As the bank's retail analyst Paul Lejuez writes, Citi's credit card data "for the 16 sub-sectors we track show that total spending in Sept wk 5 (ended 9/30) decreased 11.3%, a deceleration compared to Sept wk 4 (ended 9/23), which was -10.9%. Ex Food spending was -10.6% in Sept wk 5 vs -10.2% in Sept wk 4. The month of September was -10.8% (-10.9% ex-food), which is the now weakest month of the year, dethroning August which was -10.2% (and -10.4% ex-food)."

Here are the strongest and weakest sub-sectors: Cosmetics (+3.9%), Pet Shops (+1.9%), and Eyewear/Optometry (+1.4%). We saw the largest declines in Aftermarket Auto Parts/Service (-16.0%), Household Appliances (-15.9%), Home Improvement (-15.1%), Ecom Pure Play Apparel (-14.3%), Food Retail (-12.6%), Electronics (-12.3%), Jewelry (-11.8%), Apparel (-11.6%), Home Furnishings (-10.5%), Dept Stores (-9.5%), Sporting Goods (-8.4%), Footwear (-6.7%), and Mass/Dollar and Off-price (-4.6%).

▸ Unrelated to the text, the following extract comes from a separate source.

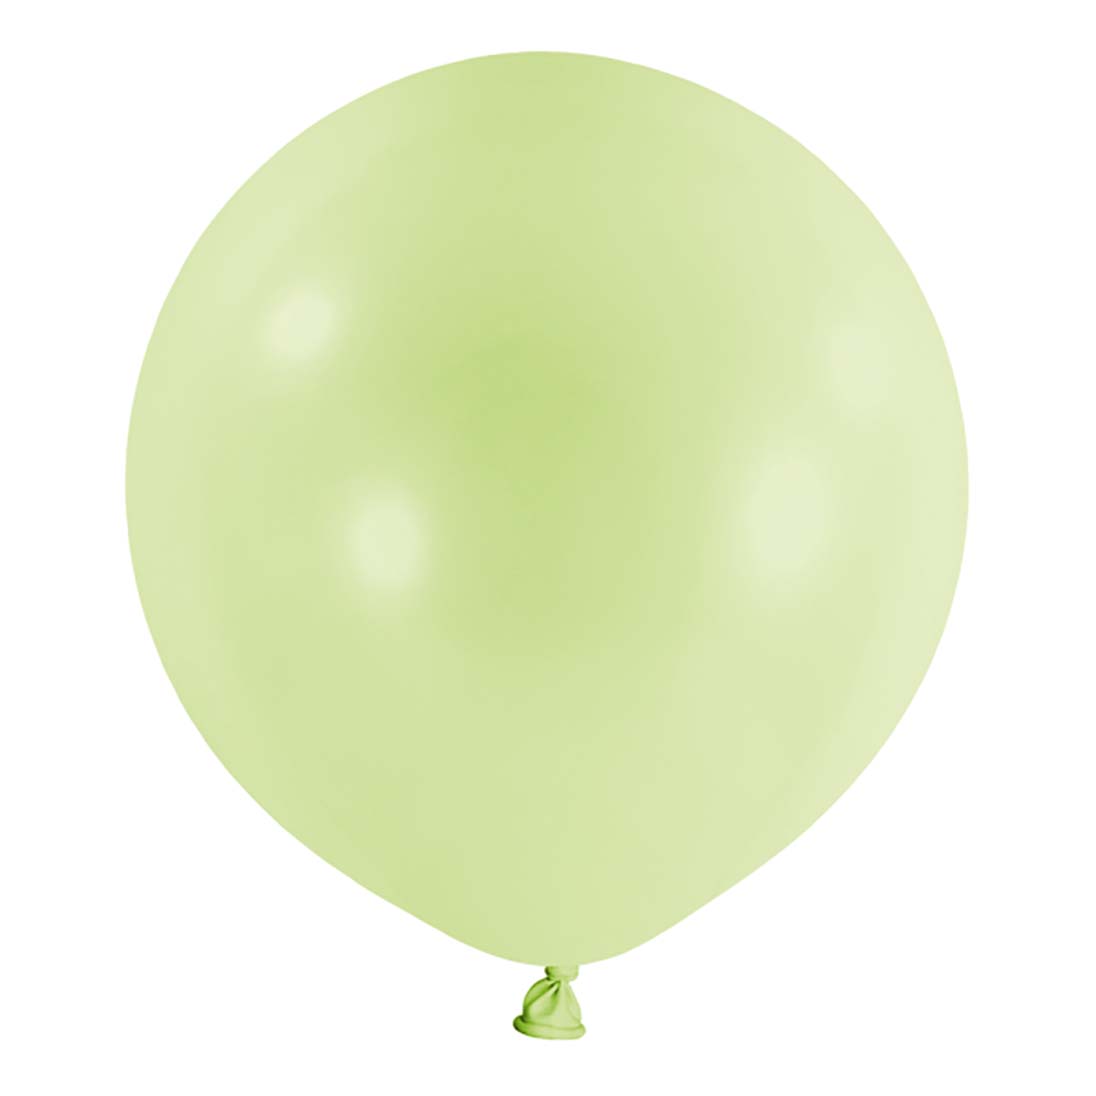 Pistachio Macaron Balloon 24in 4pcs

Courtesy of Lejuez, here are several most notable call-outs in Sept wk 5:

  • Jewelry (-11.8%) recovered from last week’s big decel; the category has ranged from -LDD to down mid-20s over the last 3 months;
  • Eyewear/Optometry (+1.4%) turned positive again and has generally ranged from +MSD to -MSD;
  • Athletic/Active Apparel (-12.9%) has seen weak spending over the past three weeks; previously the category was trending +LSD to -HSD;
  • Food Retail and Wholesale Clubs (-12.6%) remained weaker than its prior trend of -HSD results, which may indicate consumers are trading down to lower priced food retailers and/or private label;
  • Electronics (-12.3%) reversed last week’s big acceleration which was likely due to the timing of Apple launching their new product,
  • Household categories (Home Improvement, Household Appliances, and Furnishings) remain weak (down 10-16%).
  • And while the report's punchline is bad enough, namely that  "September marks the fifth consecutive month of spending"…

    … one look at the heatmap says it all: the US consumer has finally hit the brick wall.



    So for those who still hope that the Fed may hike one more time in November: don't.